Ingredients
- 3 boneless, skinless chicken breasts (about 1.5 lbs)
- 1 cup bell peppers (thinly sliced)
- 1 cup carrots (julienned)
- 1 cup cucumbers (diced)
- ½ cup cilantro (chopped)
- ½ cup mint (chopped)
- ½ cup unsweetened peanut butter
- ¼ cup low-sodium soy sauce
- Juice of 2 limes
- 1 tbsp honey (optional)
- Water as needed for consistency
Instructions
- Cook seasoned chicken breasts in a skillet over medium-high heat for about 6 minutes per side until fully cooked (internal temperature of 165°F).

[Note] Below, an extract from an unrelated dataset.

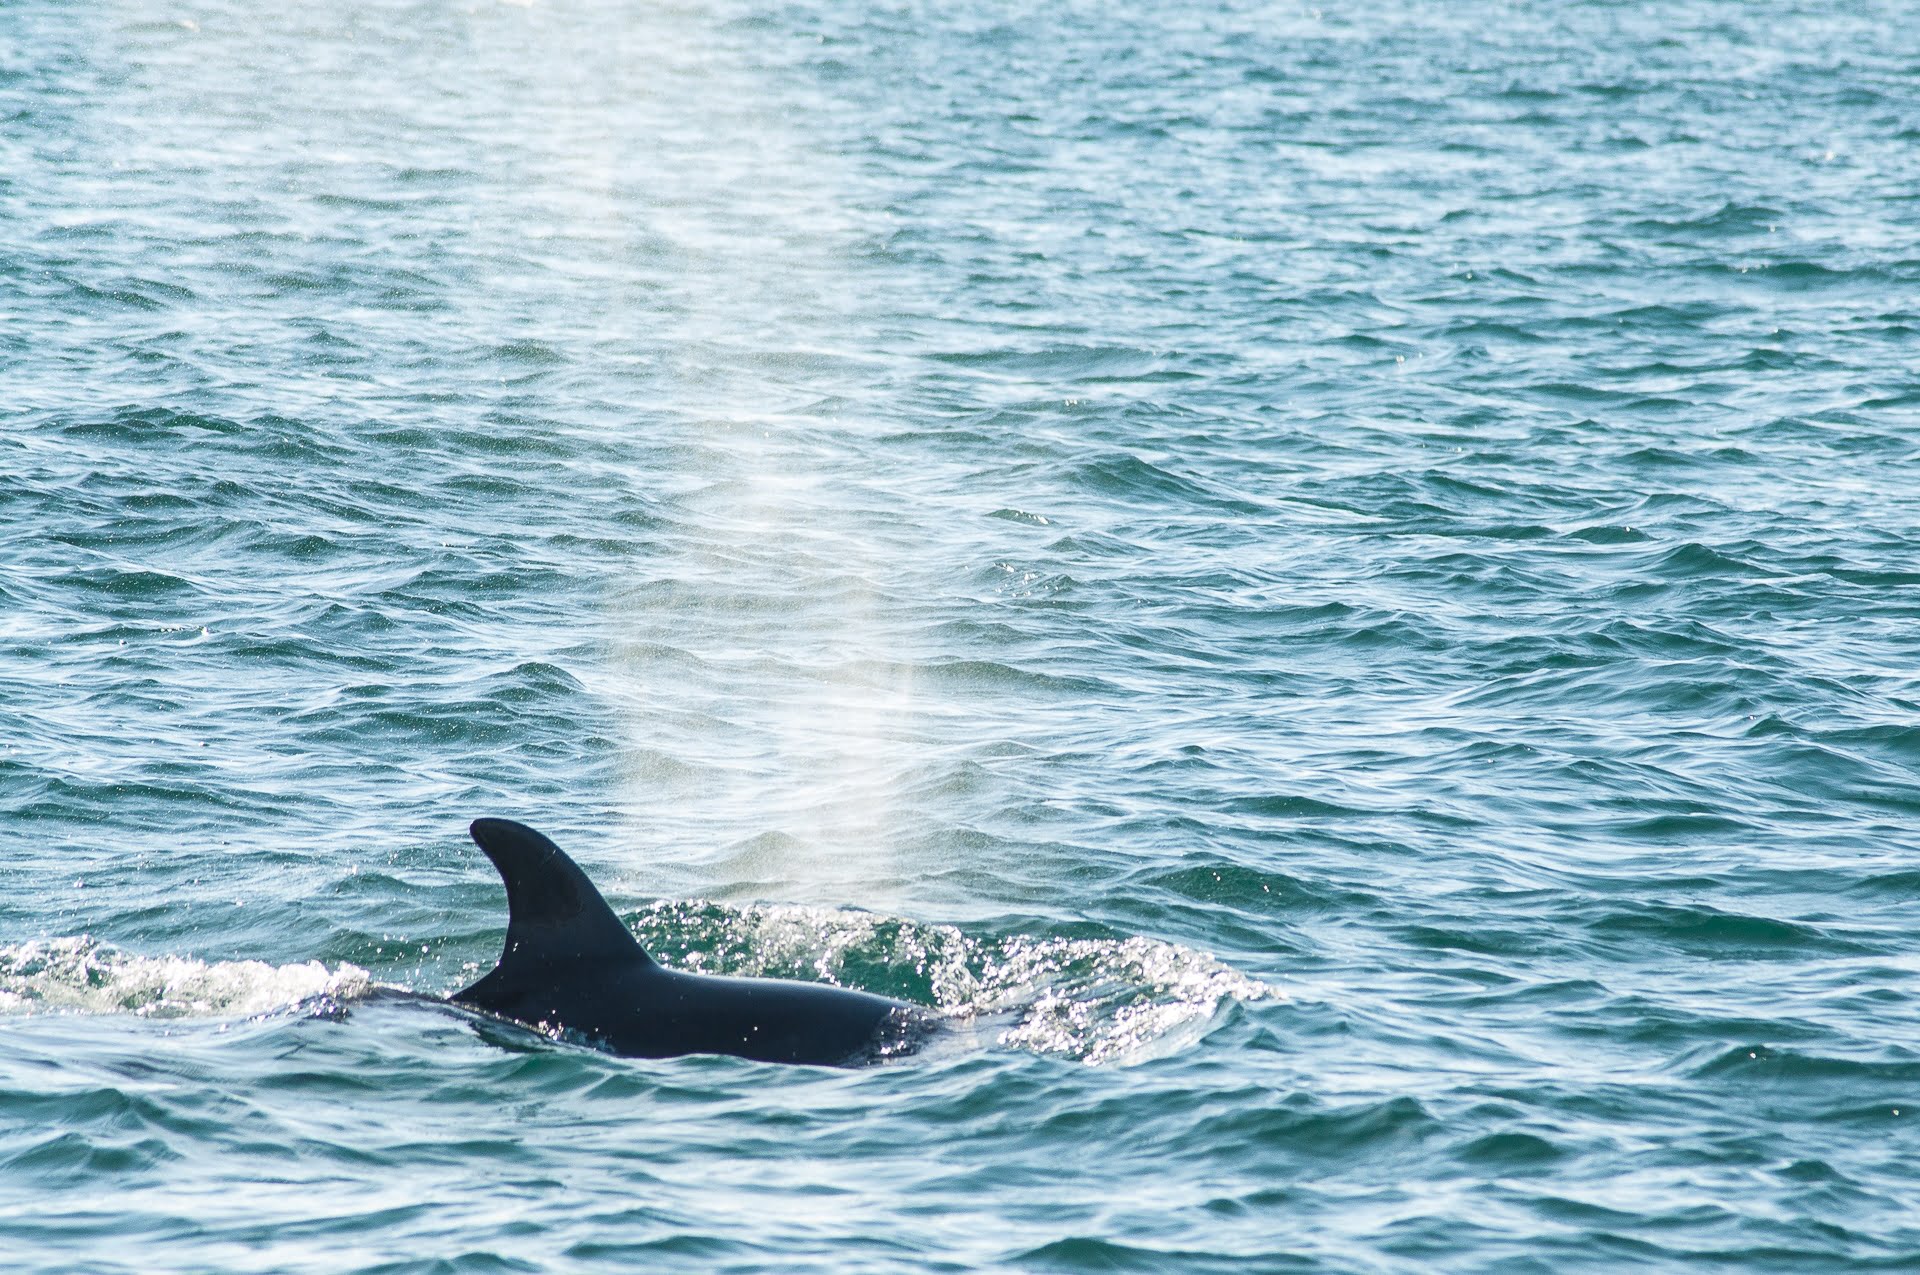 Setubal dauphin un aileron - Les globe blogueurs - blog voyage nature

Allow resting before slicing.
- While the chicken cools, chop bell peppers, julienne carrots, and dice cucumbers.
- In a bowl, whisk together peanut butter, soy sauce, lime juice, honey (if using), and water until smooth.
- Toss sliced chicken with vegetables and herbs in a large bowl.
- Drizzle dressing over the salad mixture and toss gently to combine.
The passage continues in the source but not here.